(RECORDED DATA)

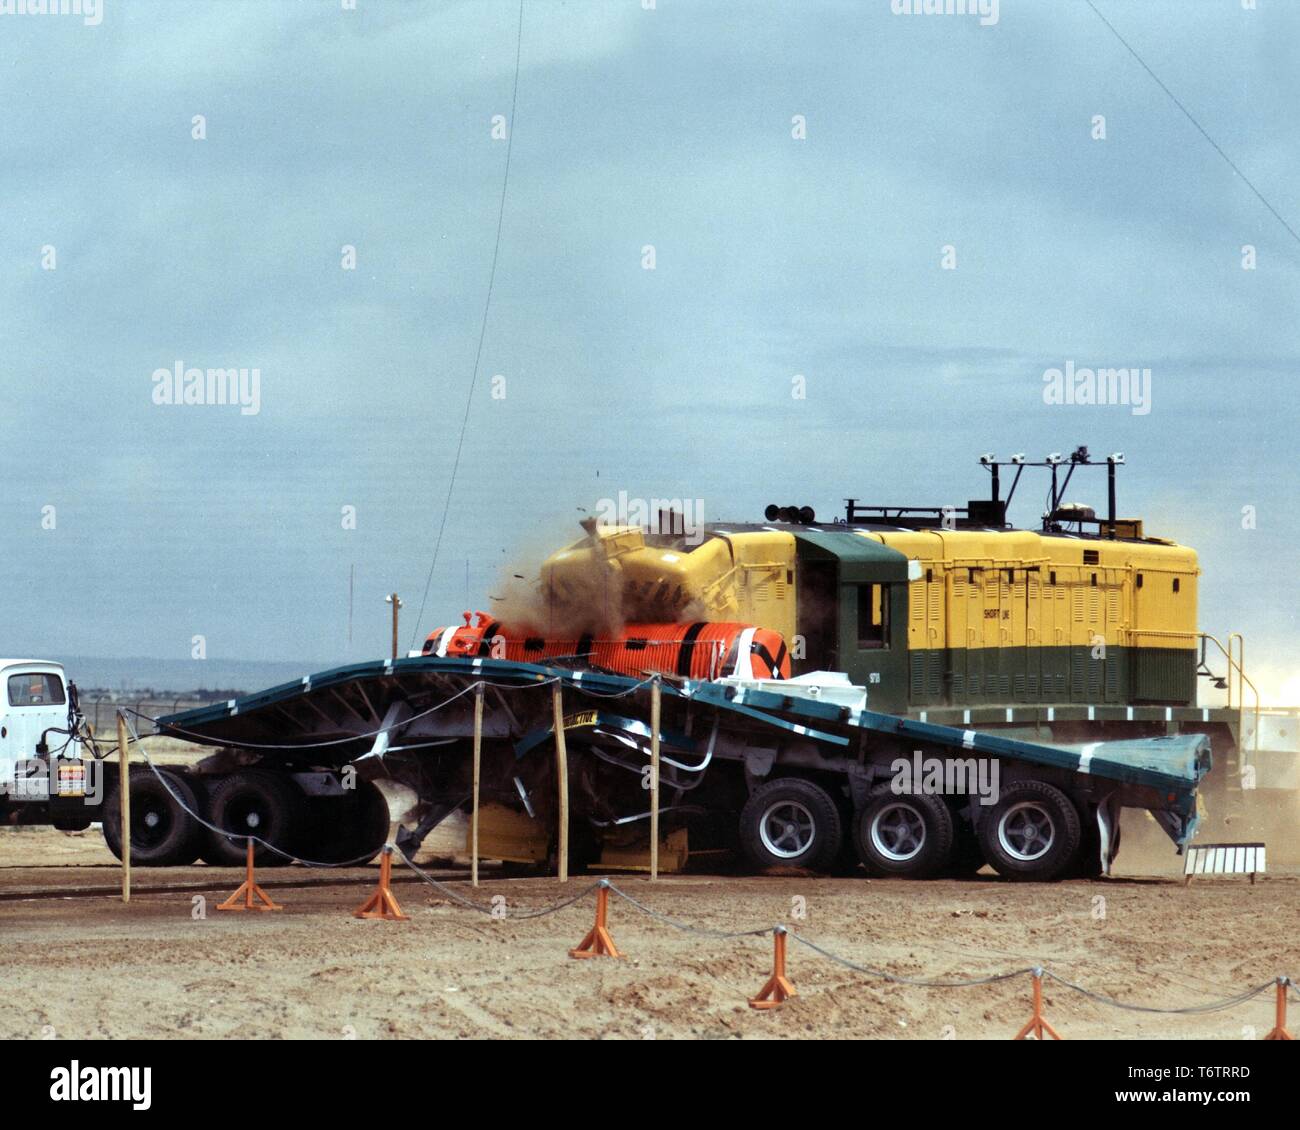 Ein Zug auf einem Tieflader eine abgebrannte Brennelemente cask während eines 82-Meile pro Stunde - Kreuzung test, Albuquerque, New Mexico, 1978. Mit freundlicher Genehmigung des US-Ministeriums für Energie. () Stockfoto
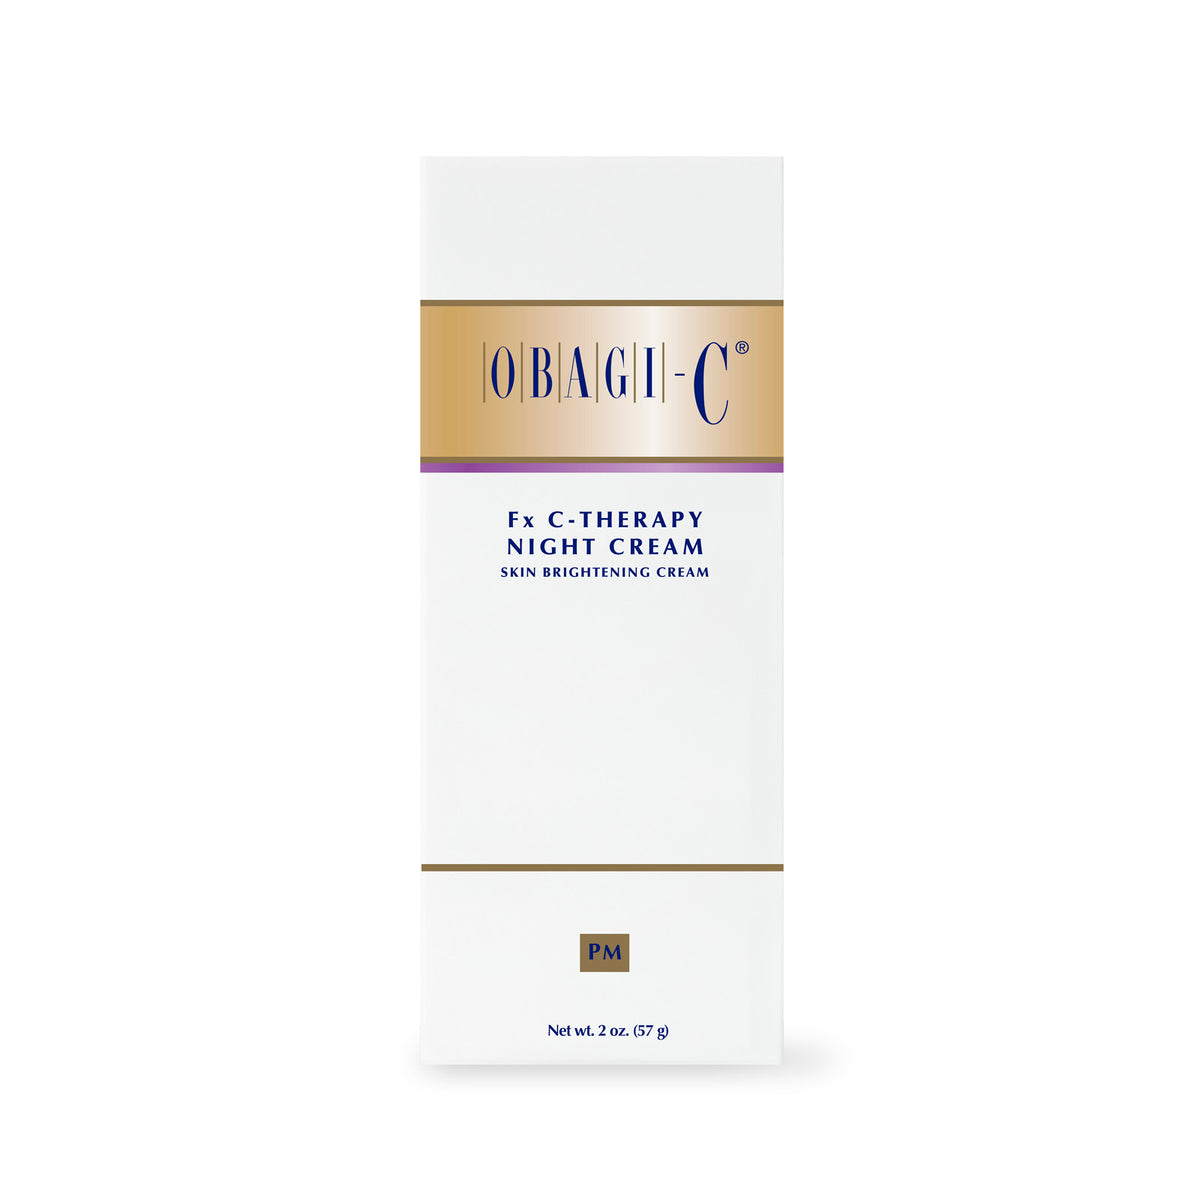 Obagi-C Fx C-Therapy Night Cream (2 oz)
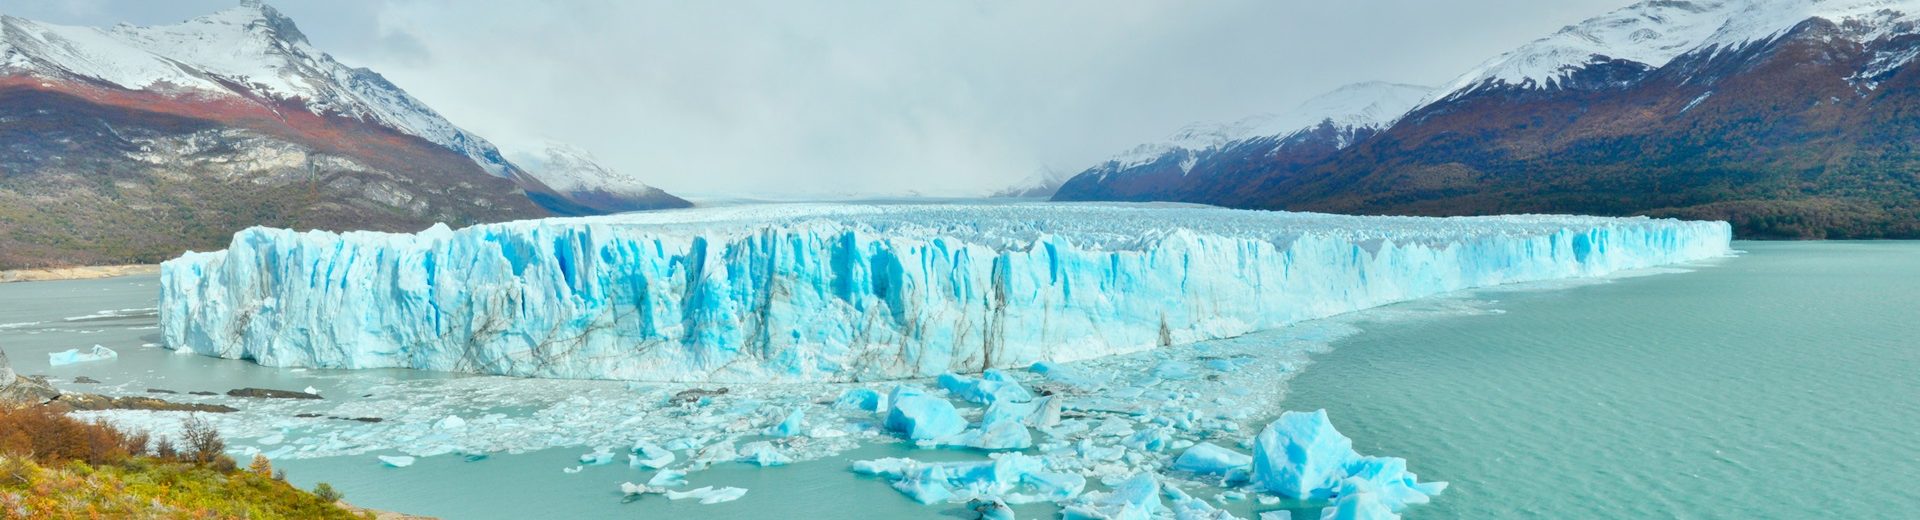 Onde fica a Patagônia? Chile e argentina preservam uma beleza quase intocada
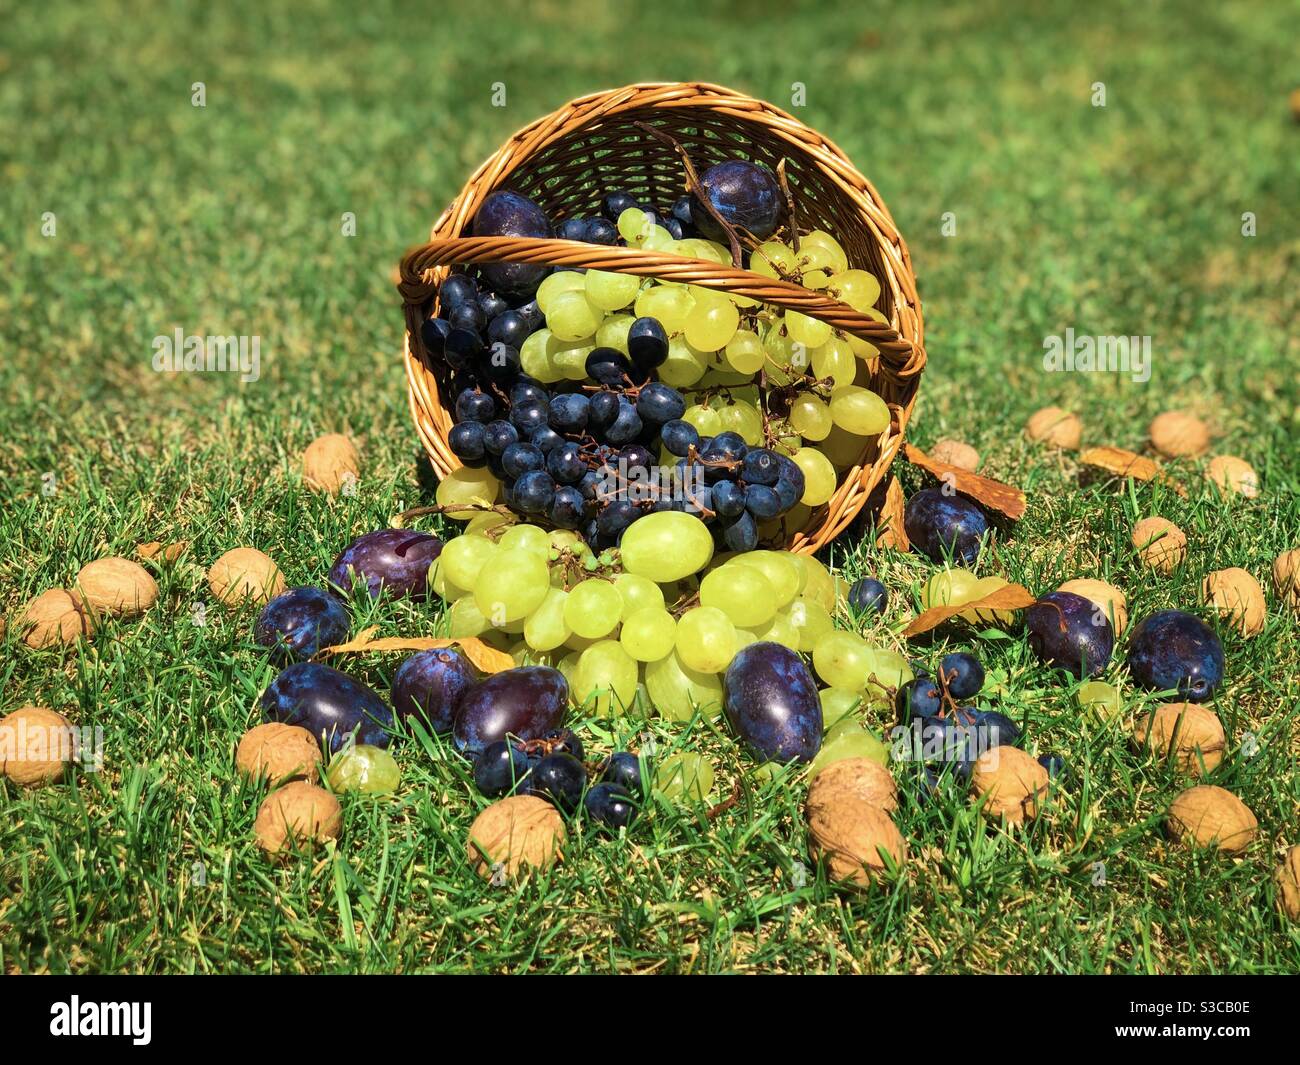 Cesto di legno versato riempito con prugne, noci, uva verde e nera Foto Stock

(End RECORDED DATA)

> **EXERCISE GOAL**
Everything in the data except the pictures must be retyped exactly.

> **RESPONSE BOX**
 Ein Zug auf einem Tieflader eine abgebrannte Brennelemente cask während eines 82-Meile pro Stunde - Kreuzung test, Albuquerque, New Mexico, 1978. Mit freundlicher Genehmigung des US-Ministeriums für Energie. () Stockfoto
 Obagi-C Fx C-Therapy Night Cream (2 oz)
 Onde fica a Patagônia? Chile e argentina preservam uma beleza quase intocada
 Cesto di legno versato riempito con prugne, noci, uva verde e nera Foto Stock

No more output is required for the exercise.